• Prosecutors say Brian Walshe made Google searches about dead bodies after his wife was last seen. 
  • The searches were made on his son's iPad, prosecutors say. 
  • Brian Walshe has been charged with murder in connection to his missing wife, Ana Walshe.

Brian Walshe Googled "can baking soda make a body smell good" and "can you identify a body with broken teeth" in the days after his wife was last seen on January 1, prosecutors alleged in a Quincy, Massachusetts, courthouse Wednesday morning. 

The 47-year-old has been charged with murder in connection to his missing wife, Ana Walshe, 39, who was last seen on January 1 and reported missing by her job on January 4. 

While Ana's body has still not been found, prosecutors reeled off a long list of information to a judge on Wednesday that leads them to believe Brian "dismembered and discarded her body."

Prosecutors said that starting January 1, Walshe made at least 20 Google searches, inquiring about dead bodies and how to dispose of them. According to prosecutors, the searches were made on his son's iPad from January 1 to January 3. 

Prosecutors said searches included "10 ways to dispose of a dead body if you really need to," "how to clean blood from wooden floor," "what is the rate of decomposition of a body in a plastic bag compared to on a surface in the woods," and "can you be charged with murder without a body."

Prosecutors said Brian Walshe didn't formally report his wife missing until police showed up at the family's rented home in Cohasset on January 4 to conduct a welfare check, after her Washington, DC-based employer said she didn't show up for work. 

At the time, police observed a Volvo in the driveway, with the seats down in the back, covered in a plastic liner. 

Walshe told investigators that he last saw his wife the morning of January 1, when she took an Uber or a Lyft to the airport to travel to DC for work. But prosecutors said no Ubers or Lyfts came to the house in the time frame Walshe mentioned. 

Prosecutors also detailed Walshe's movements in the days after New Year's Day, when he visited several stores to buy cleaning supplies, rugs, and towels. 

Prosecutors said Walshe was observed on surveillance footage disposing of trash bags at his mother's apartment complex and at another apartment complex in Abbington.

While the trash at the later was incinerated by the time police could search it, they found several bloodied items in trash bags recovered from Walshe's mother's apartment complex, prosecutors said.
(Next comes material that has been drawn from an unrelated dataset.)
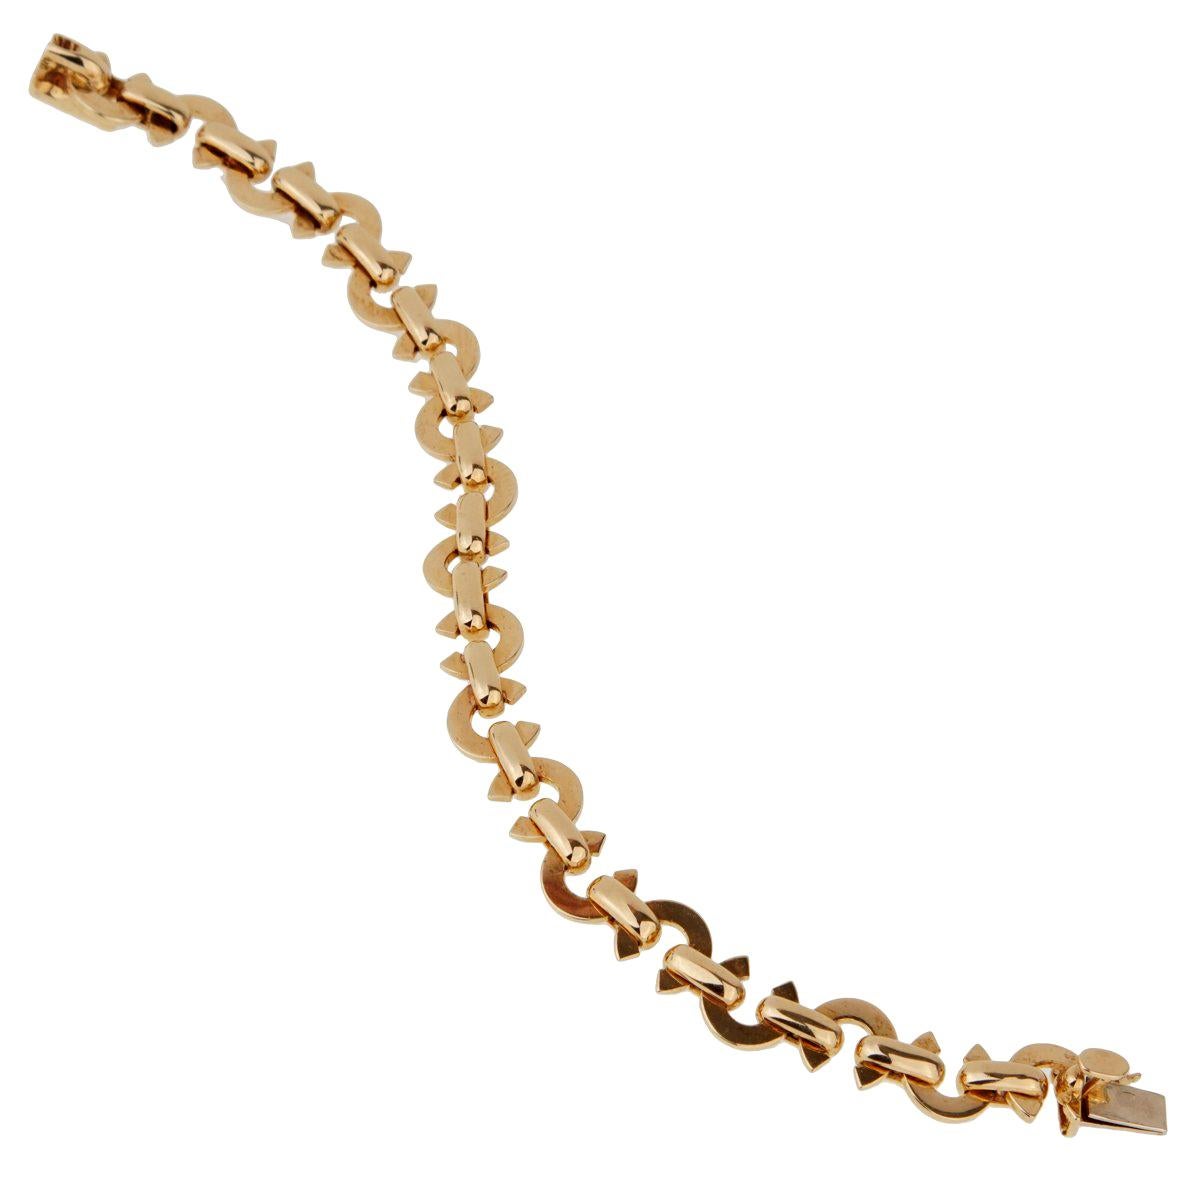 Ein ikonisches Chanel-Charm-Armband mit abwechselnden Chanel C-Motiven aus 18 Karat Gelbgold. Das Armband misst 6 1/4

Some of the items were also tested and found to contain both Brian and Ana Walshe's DNA, prosecutors said.

Walshe was already in police custody when they issued an arrest warrant on Tuesday, accusing him of killing Ana Walshe. Walshe was previously arrested on January 8 on a charge of misleading police. 

After his second arraignment on Wednesday, the judge ordered Walshe held without bail.